Flickr Joins SOPA Protest, Lets Users Black Out Photos

This morning, online photo sharing site Flickr joined the growing number of web companies protesting the SOPA and PIPA legislation, which now include Google, Wikipedia, Reddit, Mozilla, and others. For a 24-hour period, starting today, Flickr is letting its members darken their own photos in an effort to raise awareness about the proposed, highly damaging legislation. But that’s not all – Flickr is going a step further, and will allow users to darken other members’ photos, too.

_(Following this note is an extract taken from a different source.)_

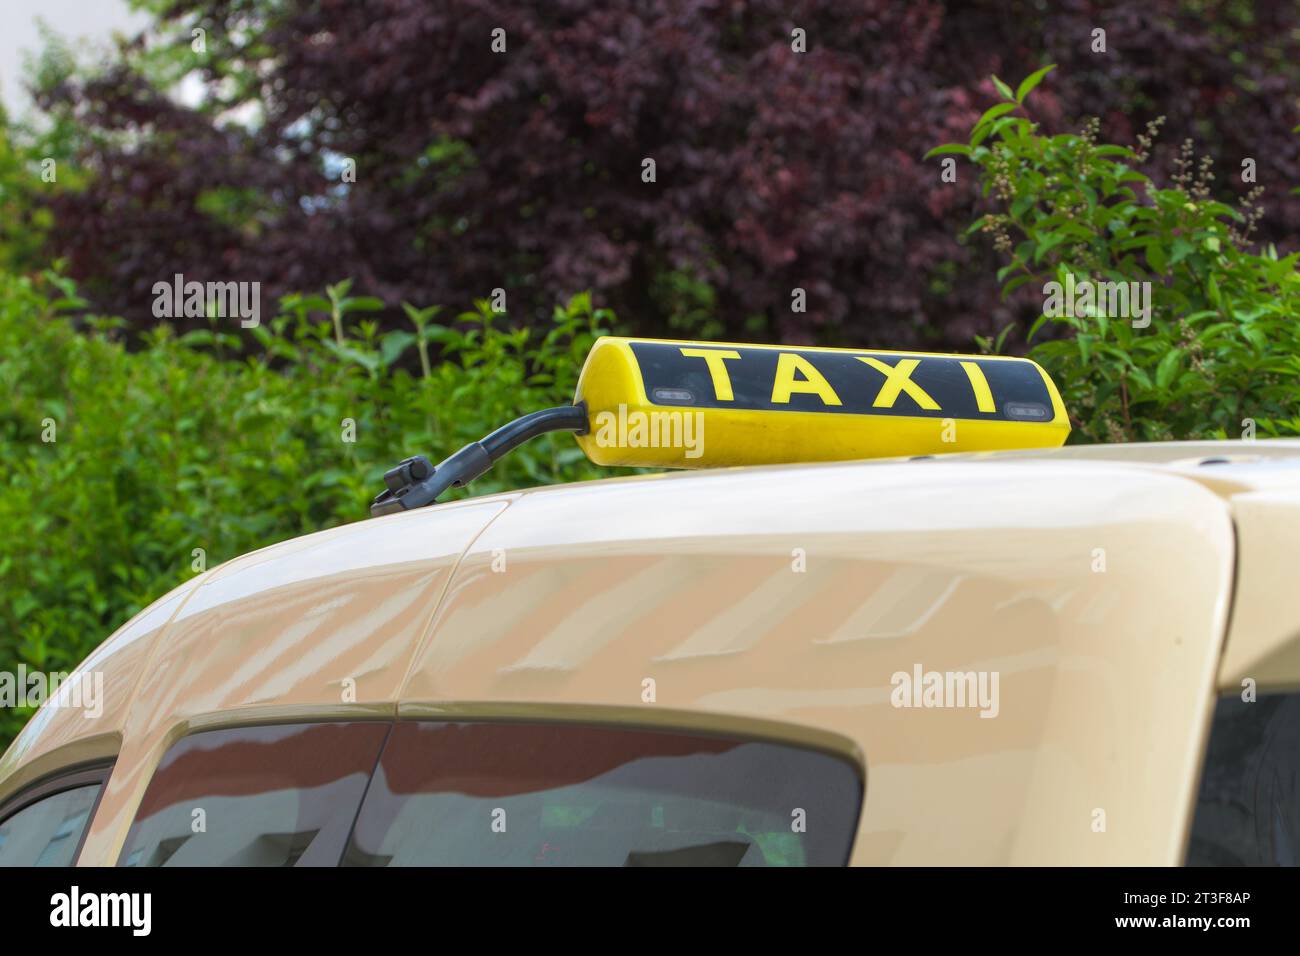 A cab sign on the roof of the car Stock Photo

Now that’s what censorship really feels like.

For those unaware, living under rocks, etc., Congress is considering two bills, the PROTECT IP Act (PIPA) in the Senate and the Stop Online Piracy Act (SOPA) in the House, which would effectively censor the web. They’re the result of seriously misguided attempts to fight online piracy, which, if enacted, would eliminate due process and fundamentally change how the Internet works.

Flickr’s solution for awareness-raising is one of the more creative ones we’ve seen. Instead of taking its whole website down, as Wikipedia did, it’s allowing members to practice, and feel the effects of web censorship directly. Anyone can darken their own photos, but the kicker is that others’ can darken your own photos, too. That’s something that hits closer to home than web banners, blog posts, and cute videos.  Now, even if you’re trying to ignore the news of SOPA (hey, I can live without Wikipedia for a day!), you’ll know how it feels when powers beyond your control take away content you should have access to.

Well kind of.

According to Flickr’s announcement, members can only darken up to 10 photos, then the option will be taken away. (I guess they didn’t want big-time SOPA supporters spending all day blacking out its entire archive of photos? Too bad.) And since Flickr also offers a paid service used by professional photographers, there is an opt-out mechanism so your photos won’t be darkened, which you can choose from any photo.

Even though Flickr’s joining of the SOPA fight came at the last minute – early morning on protest day itself – it’s good to see another big name involved. For more information on SOPA, check out TechCrunch’s previous coverage here.

Update: As of 2 pm PT on 1/18/12 Flickr members darkened 219,644 photos and these blacked-out photos have received up to 1,034,896 views.